Purwaceng dikenal sebagai tanaman herbal yang bermanfaat untuk membantu menjaga kebugaran tubuh dan meningkatkan stamina. Tanaman ini juga sering dimanfaatkan untuk membantu memelihara vitalitas serta mendukung kesehatan tubuh secara umum. Selain itu, kandungan senyawa aktif di dalam purwaceng berperan sebagai antioksidan yang membantu melindungi tubuh dari kerusakan akibat radikal bebas.
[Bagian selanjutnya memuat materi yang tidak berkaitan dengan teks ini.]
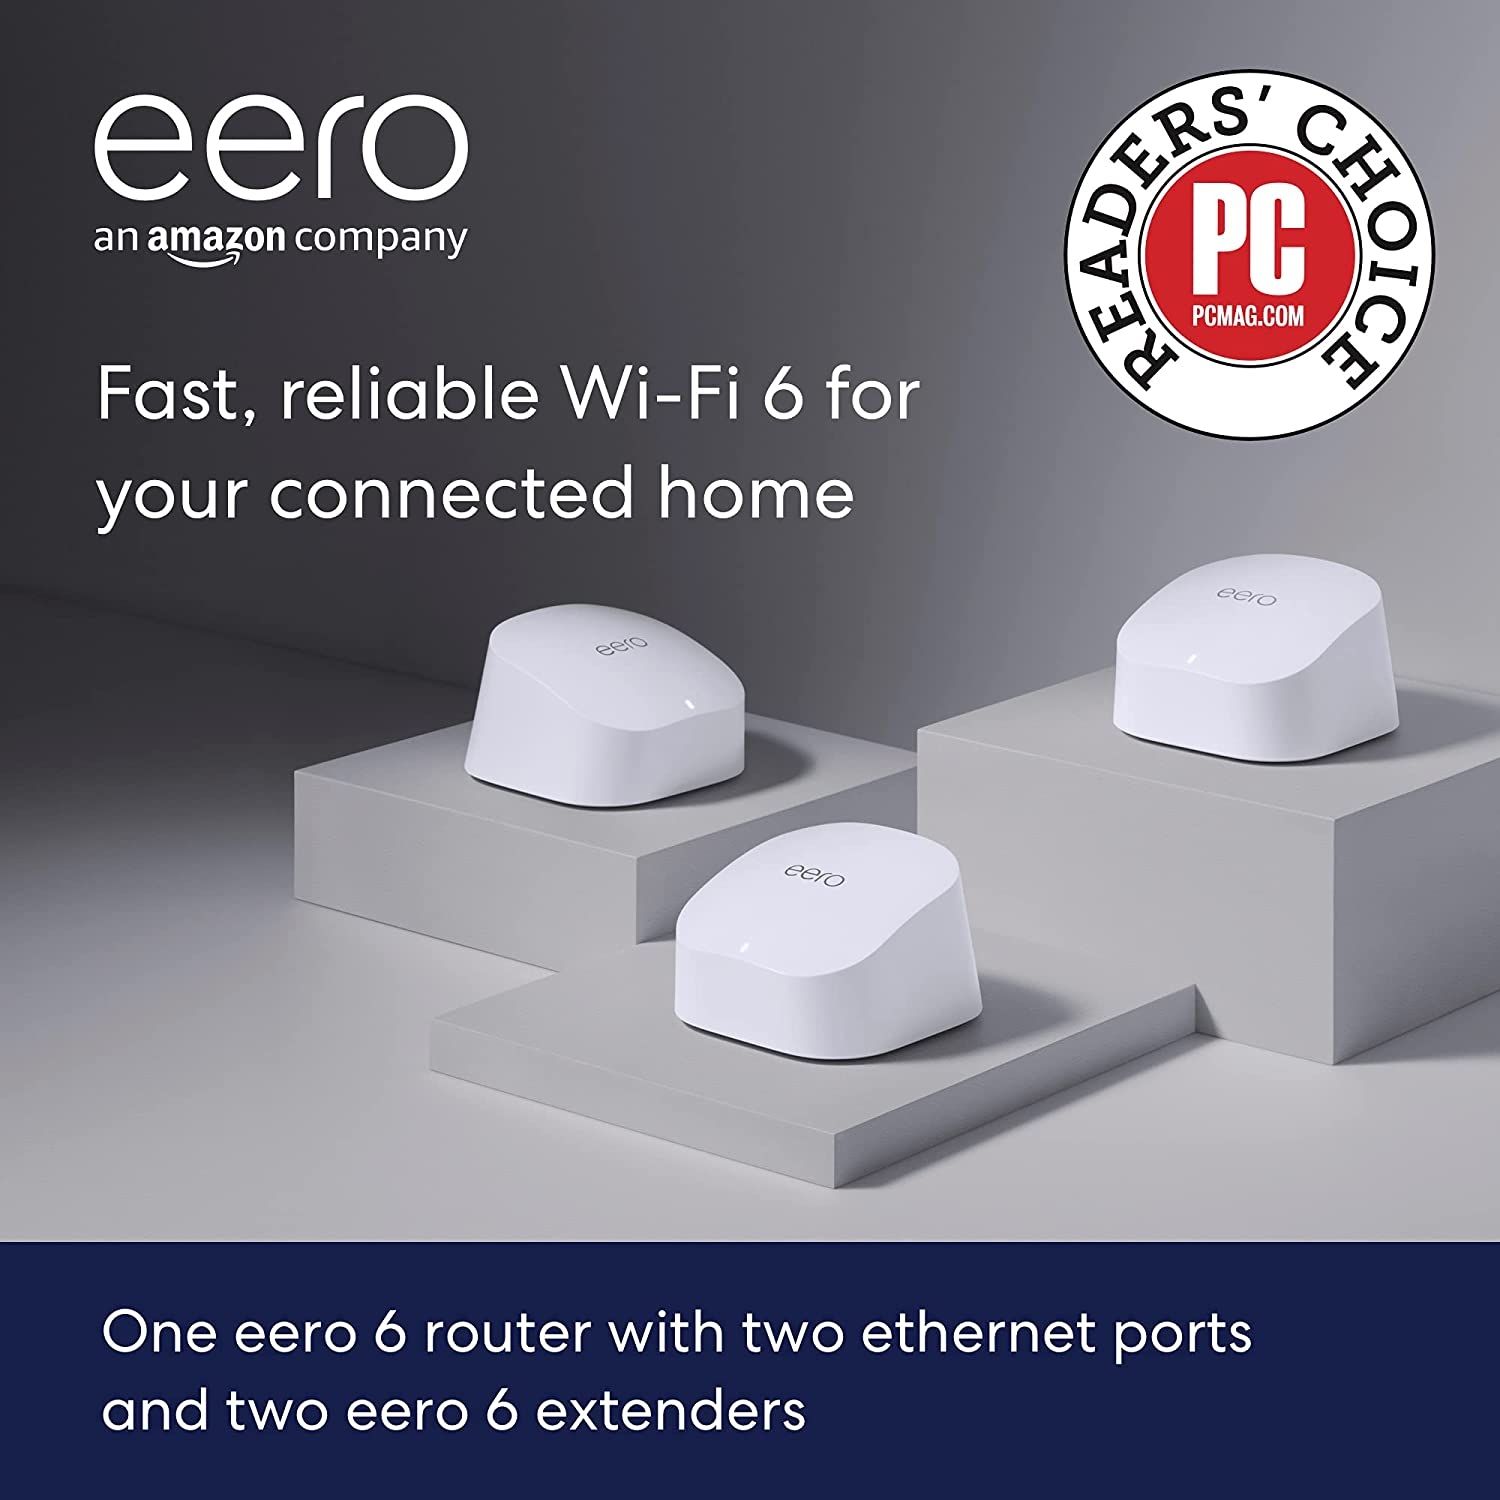 Amazon.com: Amazon eero 6 dual-band mesh Wi-Fi 6 system with built-in Zigbee smart home hub (3-pack, one eero 6 router + two eero 6 extenders) : Electronics $195

Beberapa penelitian juga menunjukkan bahwa purwaceng memiliki potensi sebagai antiinflamasi, antibakteri, serta membantu menjaga kesehatan sistem reproduksi pria. Beragam manfaat tersebut berkaitan dengan kandungan flavonoid, senyawa fenolik, sterol, dan senyawa bioaktif lainnya yang terdapat pada tanaman purwaceng (Widodo 2012; Rusmin 2017).

Cara Pengolahan

Purwaceng umumnya dimanfaatkan dalam bentuk simplisia, serbuk, teh herbal, maupun ekstrak. Tanaman yang telah dipanen dicuci hingga bersih, kemudian dikeringkan menggunakan oven pada suhu sekitar 40–50°C atau dijemur di tempat yang teduh hingga kadar airnya rendah. Setelah kering, seluruh bagian tanaman dapat digiling menjadi serbuk dan disimpan dalam wadah tertutup agar kualitasnya tetap terjaga. Serbuk tersebut dapat diseduh sebagai minuman herbal atau digunakan sebagai bahan baku dalam pembuatan produk herbal lainnya (Widodo 2012; Rusmin 2017).

Daftar Pustaka

Rusmin D. 2017. Pengembangan Budidaya Purwoceng (Pimpinella pruatjan Molk.) sebagai Tanaman Obat. Perspektif. 16(2):80–93. Widodo H. 2012. Standarisasi Tanaman Purwoceng (Pimpinella pruatjan Molk.) sebagai Bahan Baku Obat Afrodisiaka (Karakterisasi Genetik dan Kajian Teknik Budidaya Tanaman Purwoceng). Balai Besar Penelitian dan Pengembangan Tanaman Obat dan Obat Tradisional, Kementerian Kesehatan RI.